Despite the points bonus for LC Higher Maths, and the general mania for all things scientific, calculable and reducible, it is still the arts, and particularly literature, for which Ireland is well known abroad.  When that alien race eventually does contact us and ask for representative emissaries, joining the German engineer, the American entrepreneur and the Swiss banker will be the Irish writer- and it could be you!  Dr. Fallon is masterminding two separate competitions this year for the English Department:  the Kevin D. Kelleher Writing Competition for the Junior School and the soon-to-be-eponymised Senior School Competition.  Check out the rules here  (Junior Competition, Senior Competition) and get writing!  In the meantime, we will leave you with a tantalising excerpts from last year’s winners.

From ‘The Dream’, last year’s Junior winner Joshua McCormack’s short story:  Upon entering my legs felt as heavy as lead. I immediately saw his unoccupied chair; his coat and hat hanging on an elaborate wooden stand and unfinished papers lying scattered across his desk. The brown curtains were mostly closed as a mark of respect, with a tiny chink of light filtering through illuminating his chair. The room was as silent as the grave as even the ancient oak grandfather clock had been stopped. I collapsed into a chair and recalled a dream he had told me he had of his own death… (full story)

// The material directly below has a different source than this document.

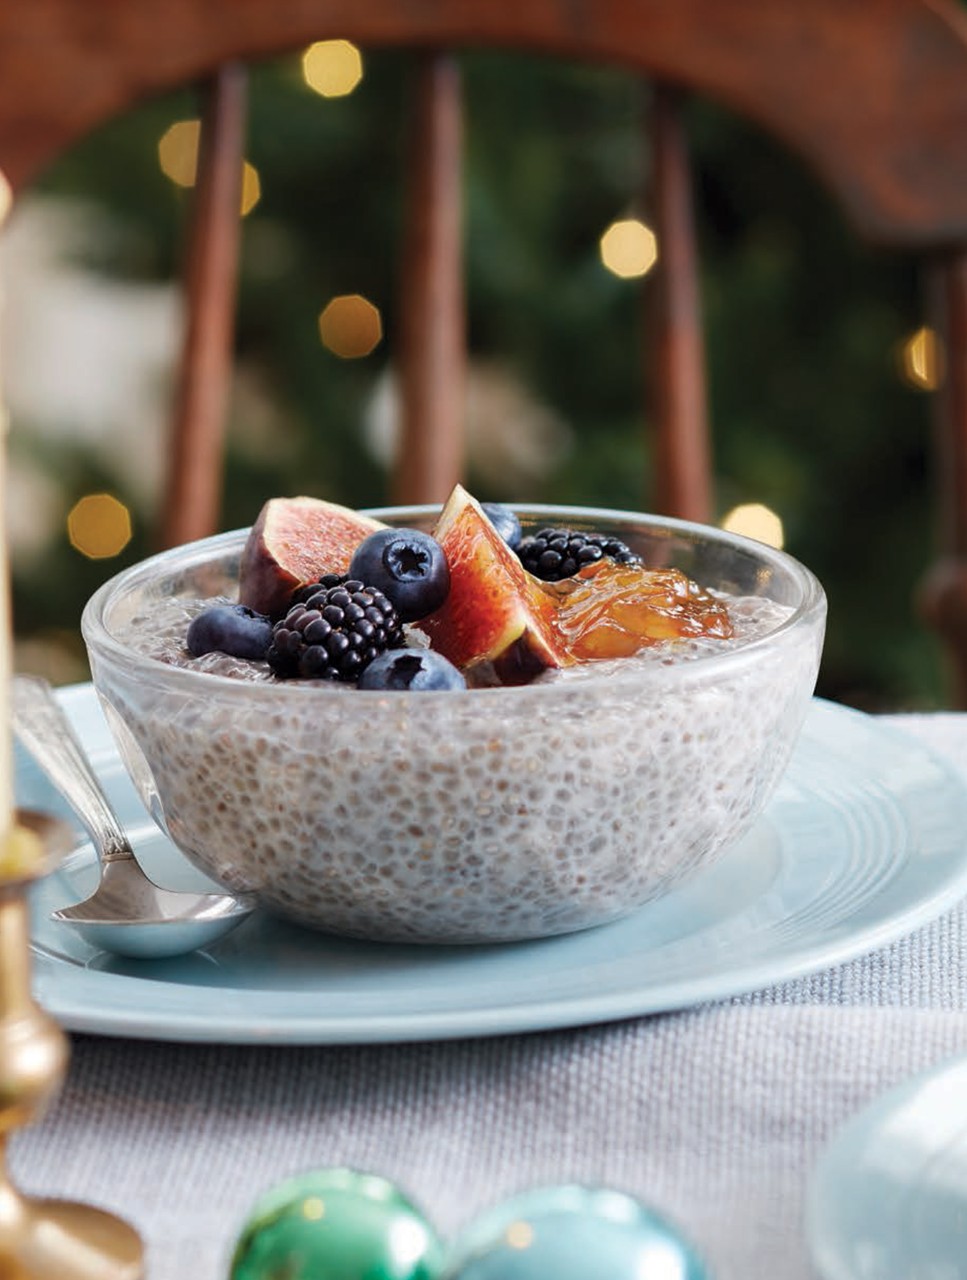 Almond-Horchata-Chia Pudding with Dark Fruits

From ‘Empty Mirrors’ by last year’s Senior winner Rían Boyle: I have spent far too long sitting on the old, cracked red leather couches in therapists’ waiting rooms. After a time, one begins to notice they share a similar musk, as if they had all been bought from the same grimy antique shop. The plastic benches that litter the hallways of hospitals have also garnered that same contempt. Far too often I have sat and waited to hear the same results, that their tests have shown nothing or that I’m a particularly difficult case… (full story, as published in the Irish Times)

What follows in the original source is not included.